Requirement> The listing below is to be given again in full and word for word, without its images.

Given material>
══════════

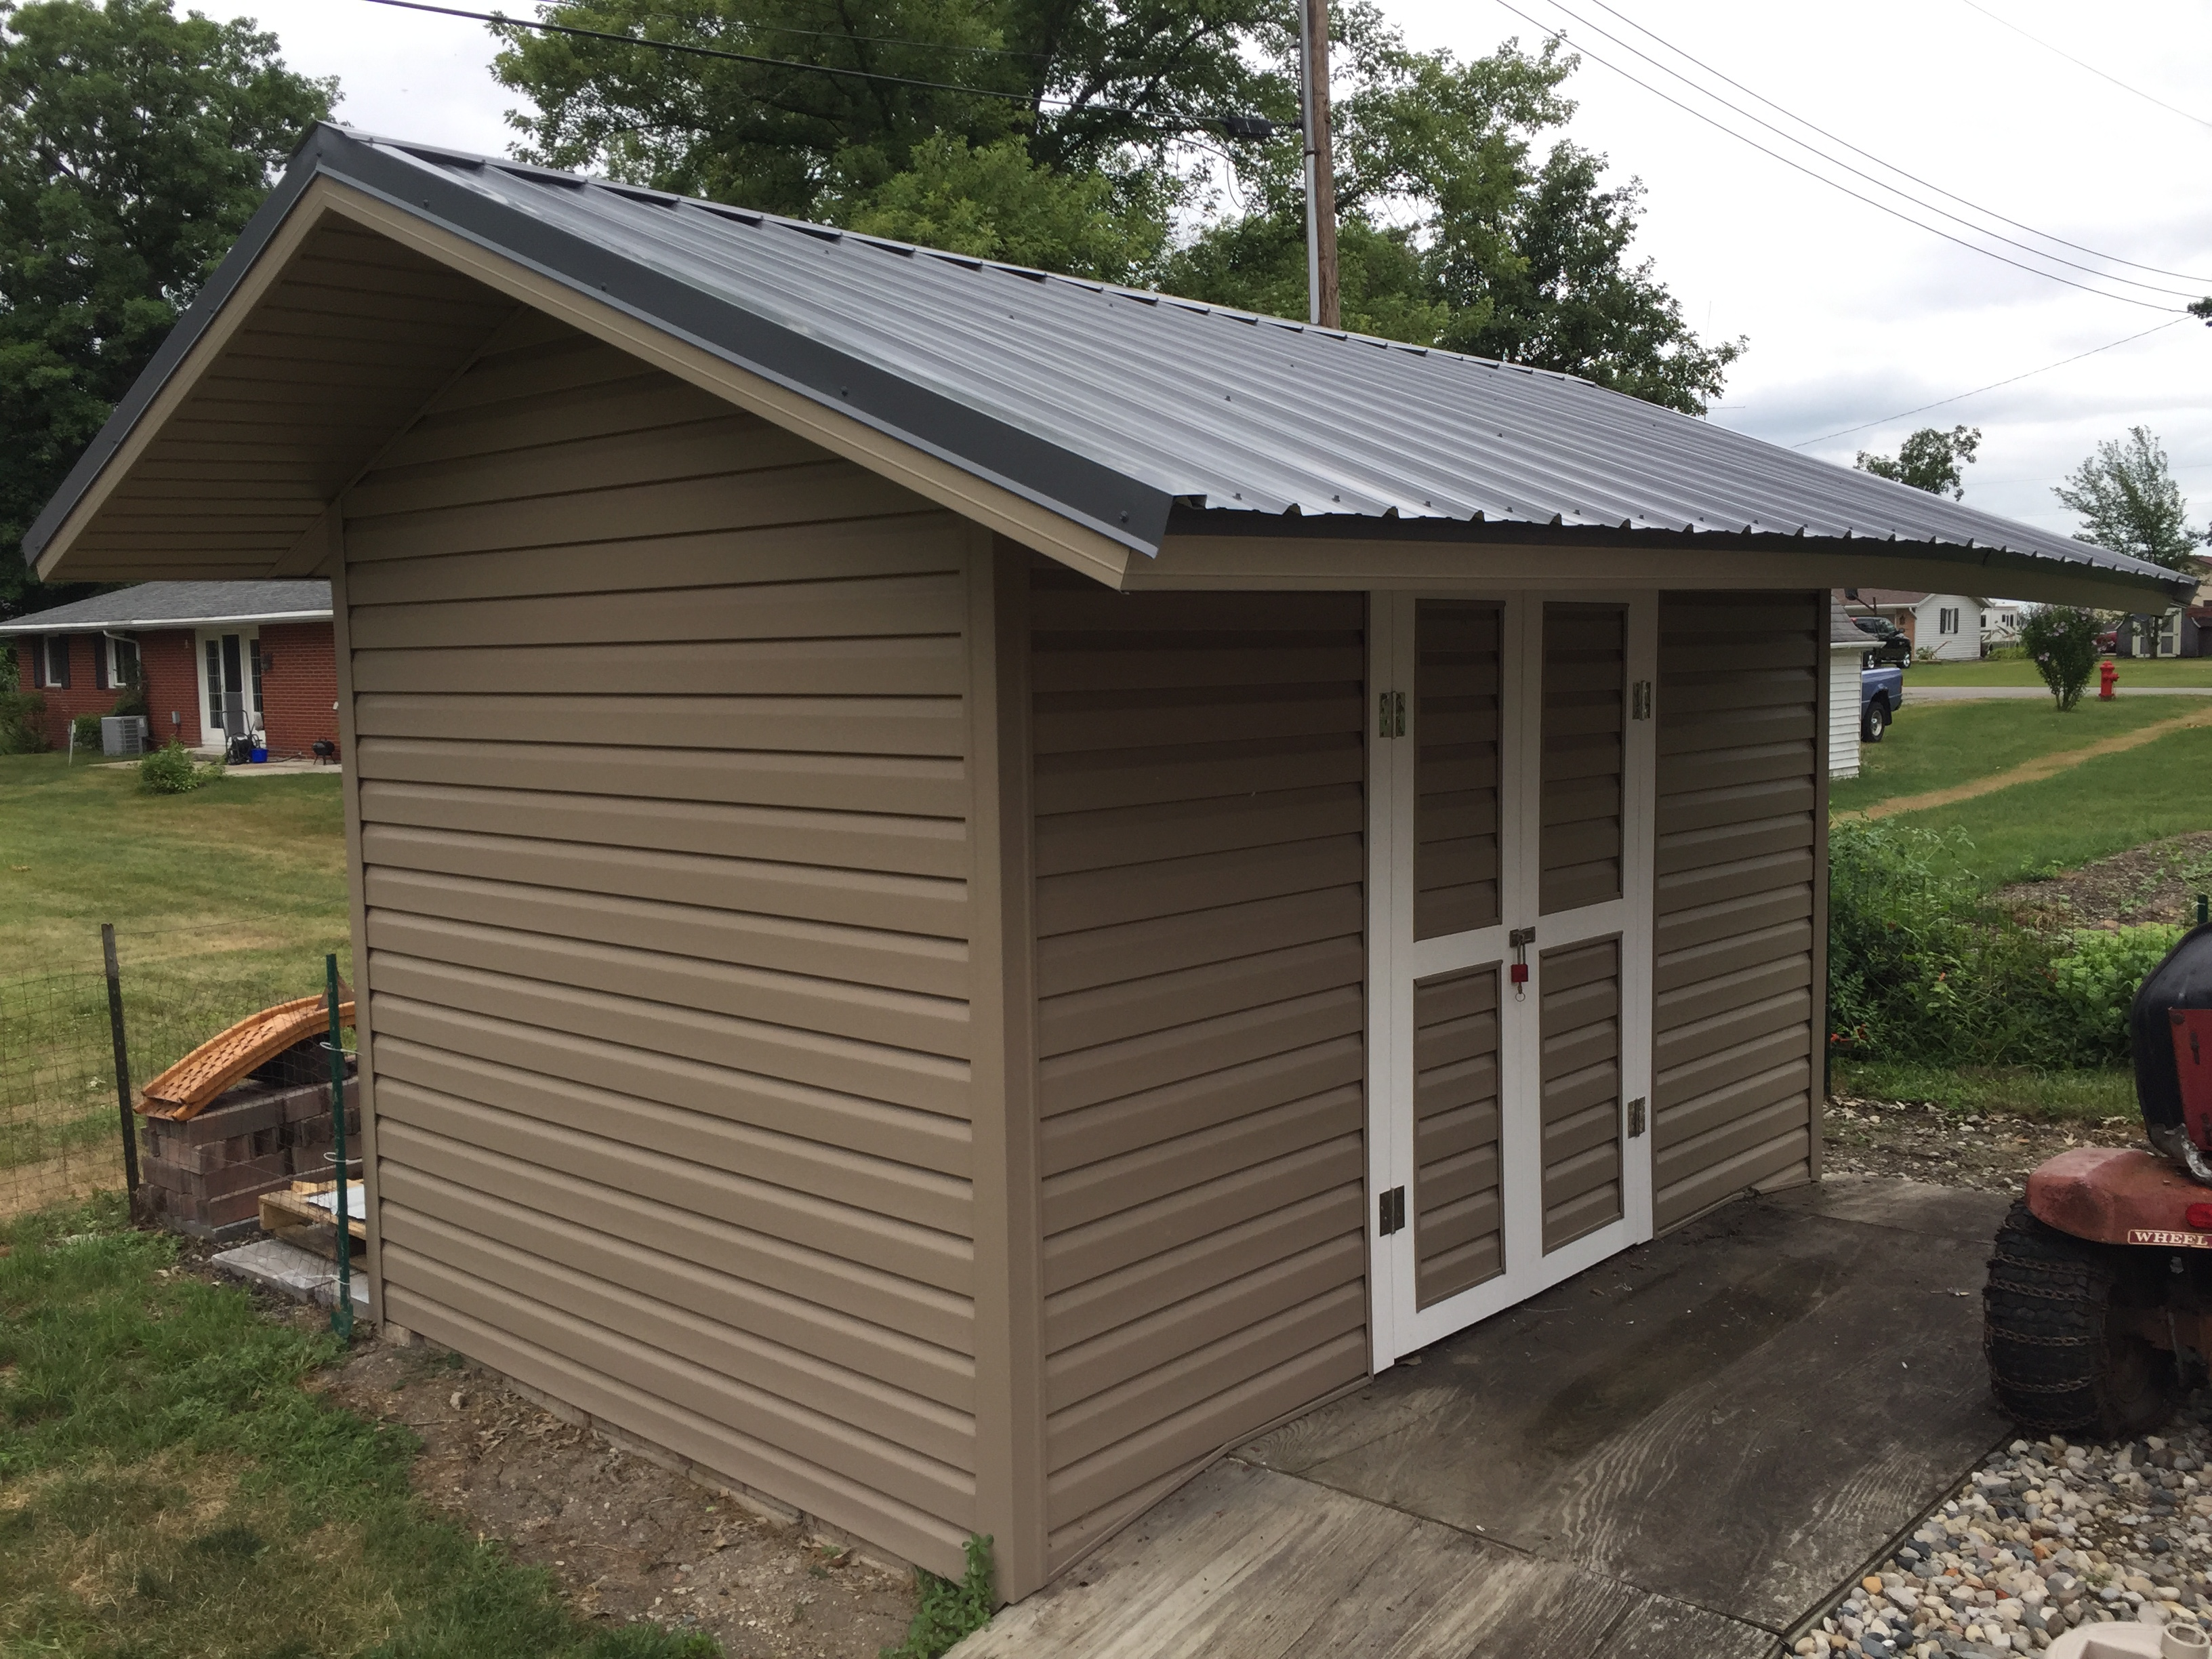 8 x 16 Storage Shed Refurbish – Sherwood, Ohio
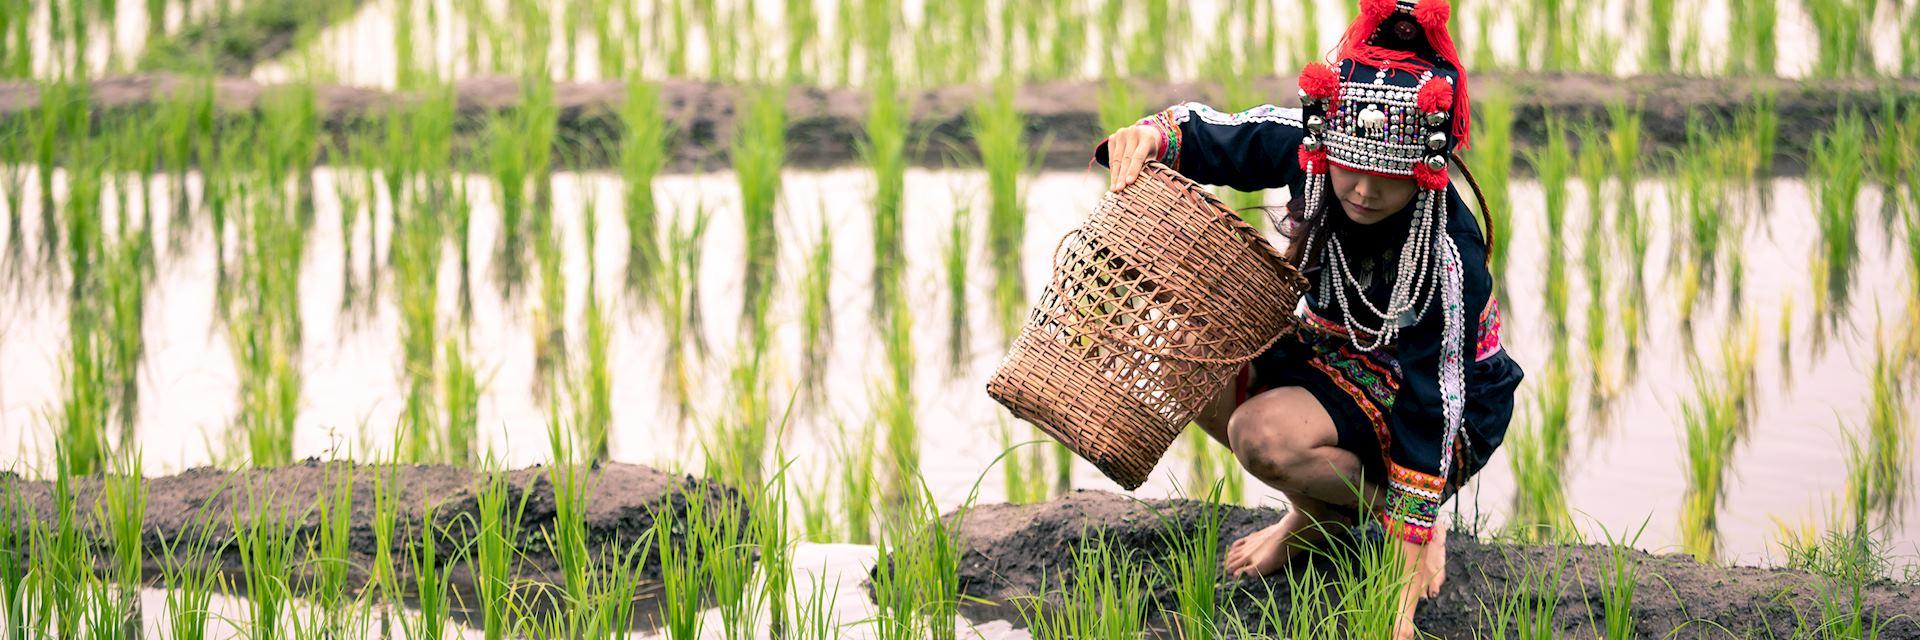 Hmong Woman planting rice
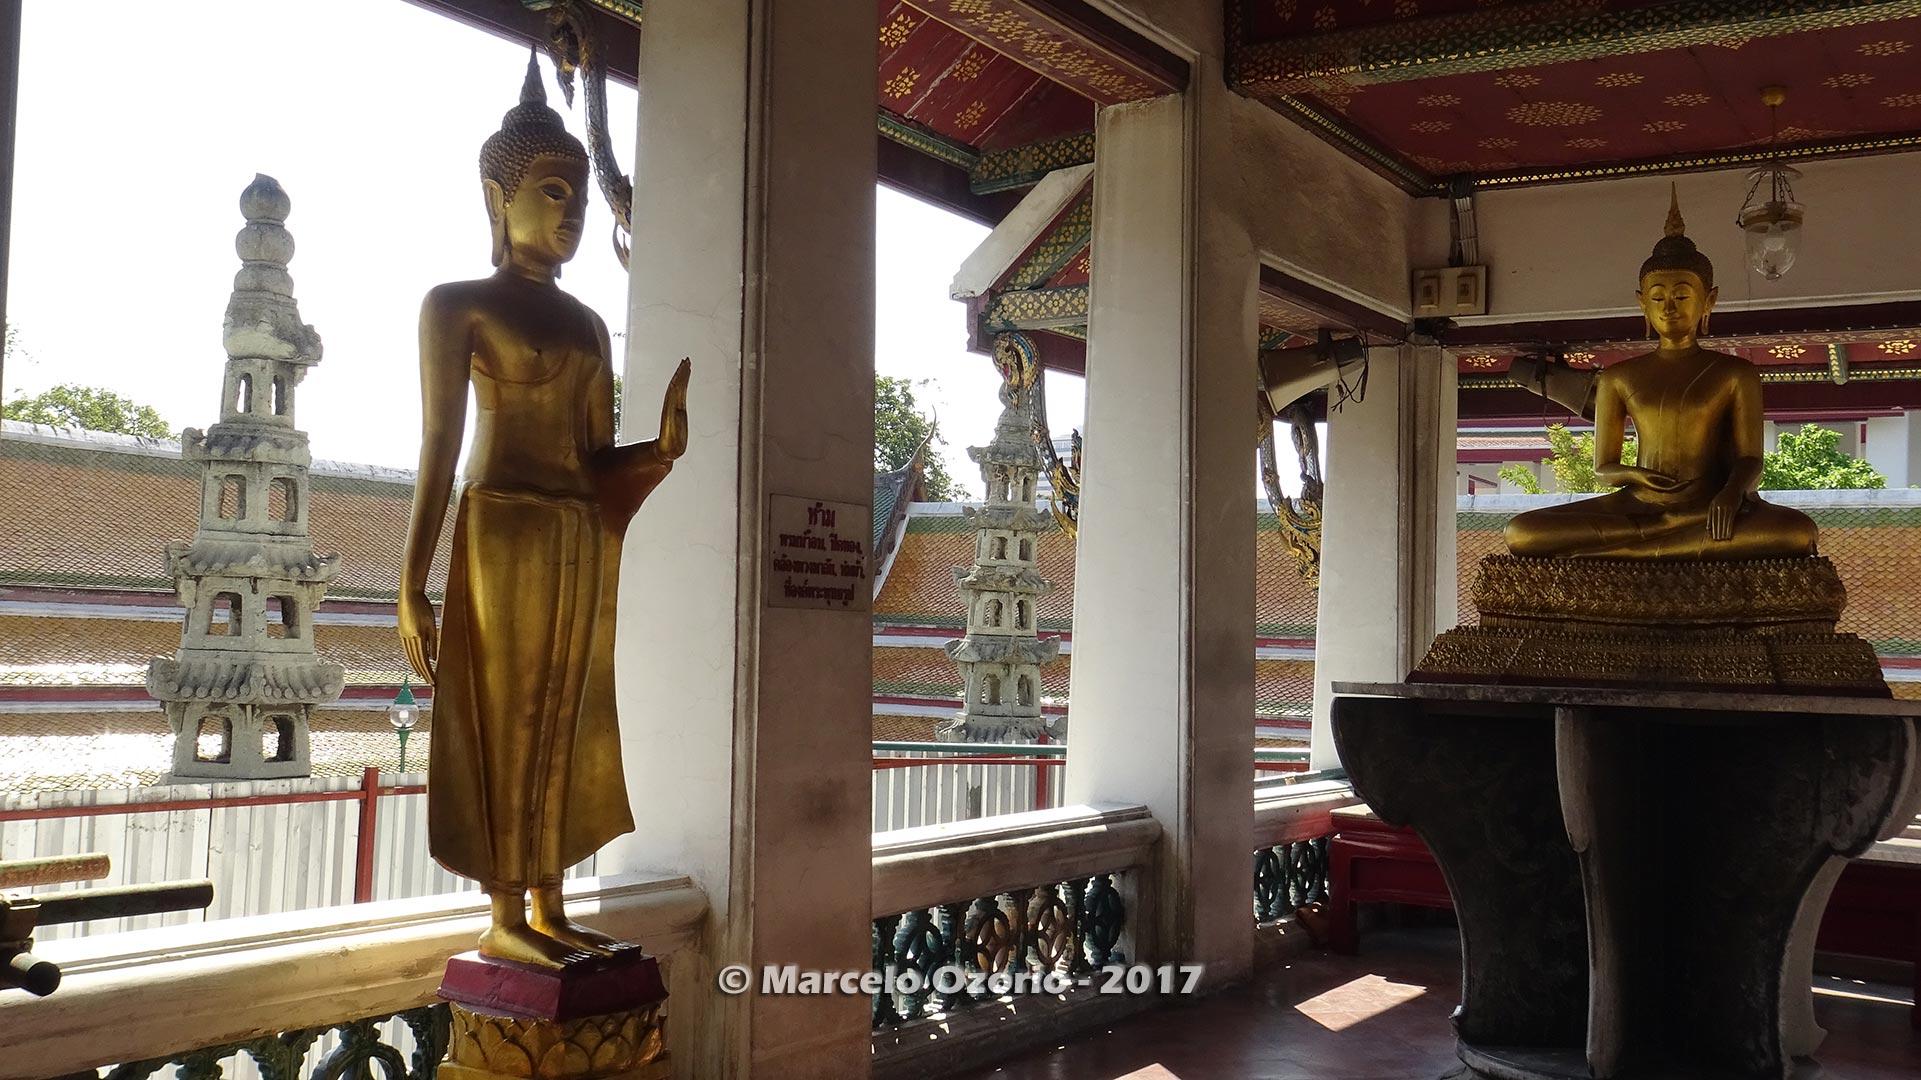 budhas bangkok thailand serie 12 - Buddhas of Bangkok - Thailand

══════════

Solution>
 8 x 16 Storage Shed Refurbish – Sherwood, Ohio
 Hmong Woman planting rice
 budhas bangkok thailand serie 12 - Buddhas of Bangkok - Thailand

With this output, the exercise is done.